I 100% back this line of thinking. Let’s ban everyone from voting who gets their “news” from QAnon, Infowars, OANN or Fox. They’re clearly low-information voters and don’t deserve to participate in public affairs.

That’s not what the GOP really mean, though; they mean that the ones with capital and “quality” debt are inherently wiser and more capable of governing than those who are brown and have student or loan shark debt.

There’s a certain sociopathy associated with the conservative white person’s view of capitalism. It’s this notion that life is, to some extent, a game of survival, and that those who can scam their way to the top are ‘smart’ and ‘fitter’ for survival, and that those who get scammed aren’t really victims of a bad system but are suckers and unfit for survival in their jungle.

It doesn’t matter if you point out to them that Johnny White Boy has a rich uncle, stepdad, or dead grandmother who can bail his ass out with a family fortune; he’s still a great business guy if he manages to live in a beautiful mansion that he could never afford without burning through an inheritance. He’s still smarter than the working class black, brown, or white ‘triggered’ millennial who’s got six figure debt and getting crushed by a horrible job market.

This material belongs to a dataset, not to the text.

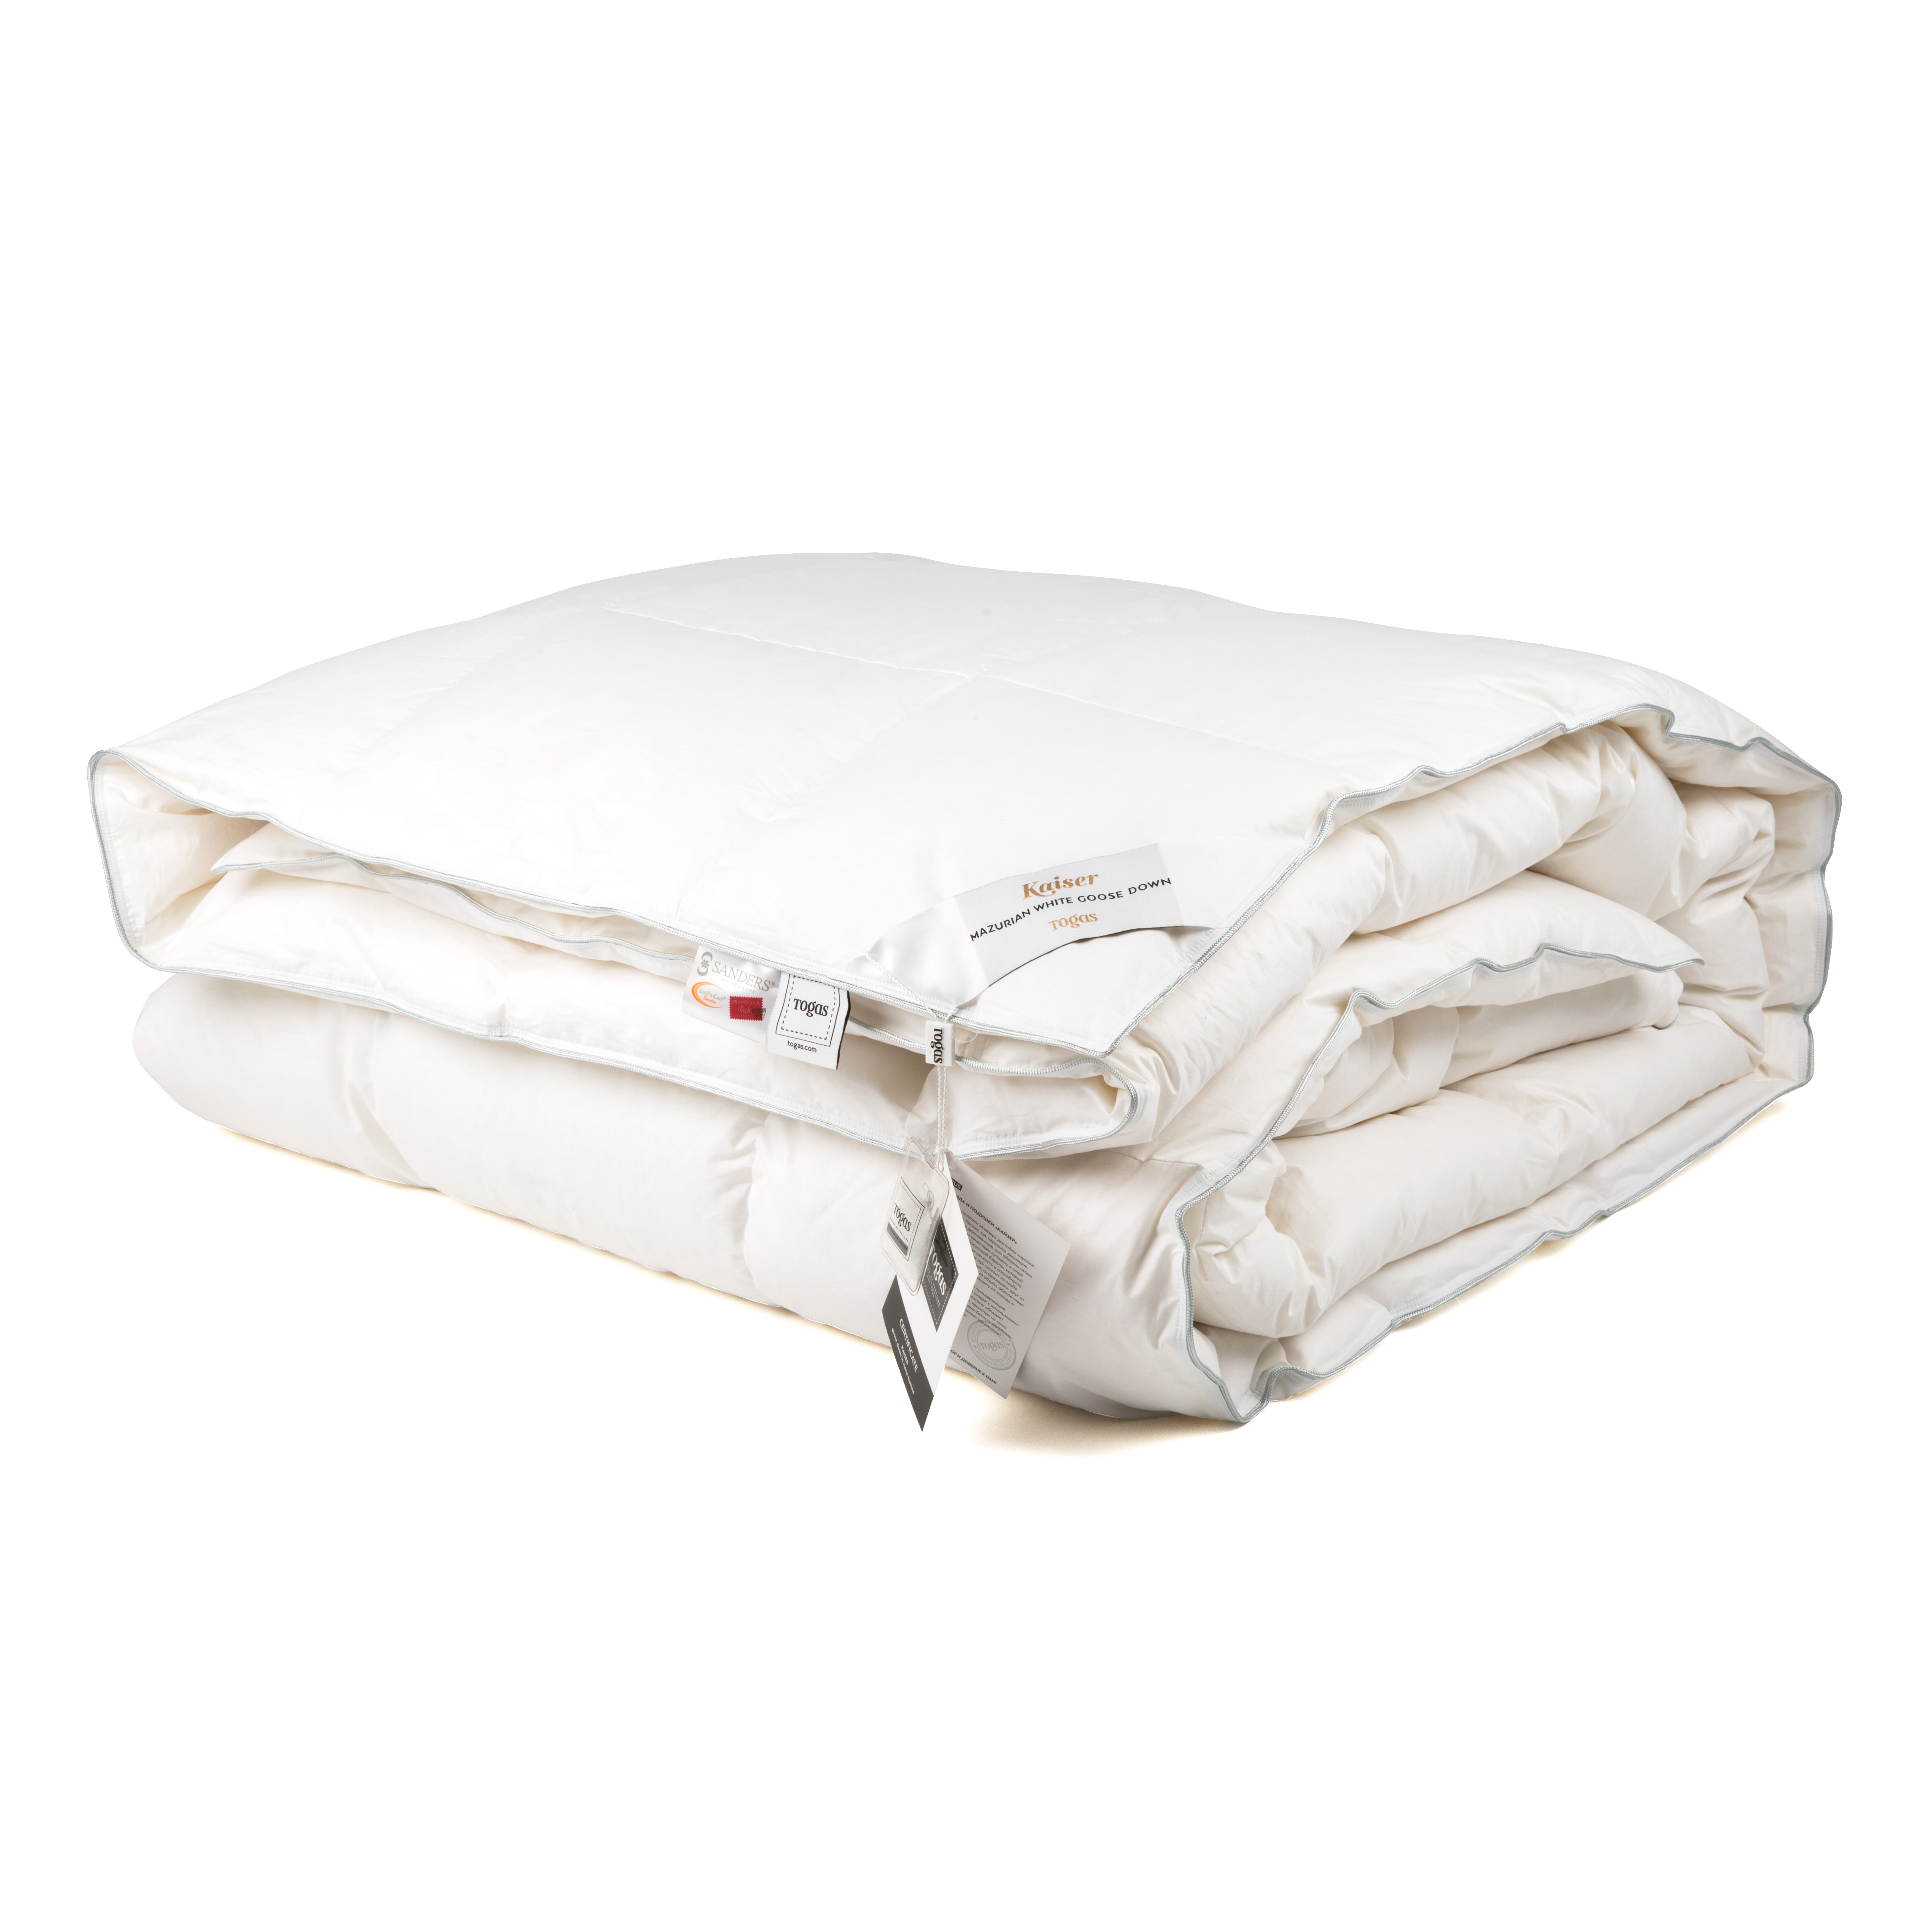 Одеяло Кайзер (140х200 см), размер 140х200 см, цвет белый tgs247002 Одеяло Кайзер (140х200 см) - фото 1

I know it’s not, but I’m looking at that quote from the Arizona guy: "… everybody shouldn’t be voting … if somebody is uninterested in voting, that probably means that they’re totally uninformed on the issues … ”

If being totally uninformed is a disqualification, there go half the GOP’s votes. Let’s do it!

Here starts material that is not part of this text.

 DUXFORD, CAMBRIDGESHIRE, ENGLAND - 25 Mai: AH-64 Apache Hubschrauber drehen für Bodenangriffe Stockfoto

Let’s take the voting station near his house and move it to the fucking desert.

And make it illegal for anyone to drive him there or give him water.

I’d argue that this viewpoint in fact pre-dates capitalism per se. Property and status qualifications for voting rights, explicit or de facto, go back at least as far as ancient Athenian democracy, and were nearly ubiquitous in early American voting laws when capitalism was still a pretty new idea.

I understand it goes back, but I attack the outdated premise (realizing I’m probably preaching to the choir). Wealth isn’t necessarily a good way to determine who’s qualified to participate in democracy, although it probably is a good way to screen out those whose interests are not the same as yours, which is probably way conservatives have always entertained the idea of “quality” voting and restrictions based on wealth (or the lack of it).

To be fair, I accept that those with wealth and the more industrious among our citizenry do have - or should have - a place at the table, where their voices can be heard and raised hands can be seen. But my view of democracy is pluralistic, not aristocratic, and not even necessarily majoritarian.

Totally true, and the American “Founding Fathers” explicitly argued about this a lot.

In their time, I totally get why they had concerns about “quality” voting. In fact, a lot can go wrong with democracy. We know what happens with state ballot initiatives and propositions. They had the examples of ancient Greece’s and Rome’s failures to draw upon, as well as examples of quasi-democracy that were more stable, such as the parliaments of England and the colonies. They had just lived through Shays Rebellion and the disaster of post-Revolutionary France wasn’t too many years into the future.

But we have a more complete data set to draw upon now. Democracies that have emerged in the last 75-150 years have given us some blueprints to work with. The catch is that they require some degree of checks and balances among socioeconomic classes, and they require a balance between public and private power. They require an acknowledgment that a democratic society doesn’t function too well on the false promise of equal opportunity that works in theory but not in practice; it requires a true redistribution of wealth and power such that there people of all backgrounds have open access to benefit from the amenities and advances of modern civilization (i.e. affordable healthcare, education, occupational training, etc).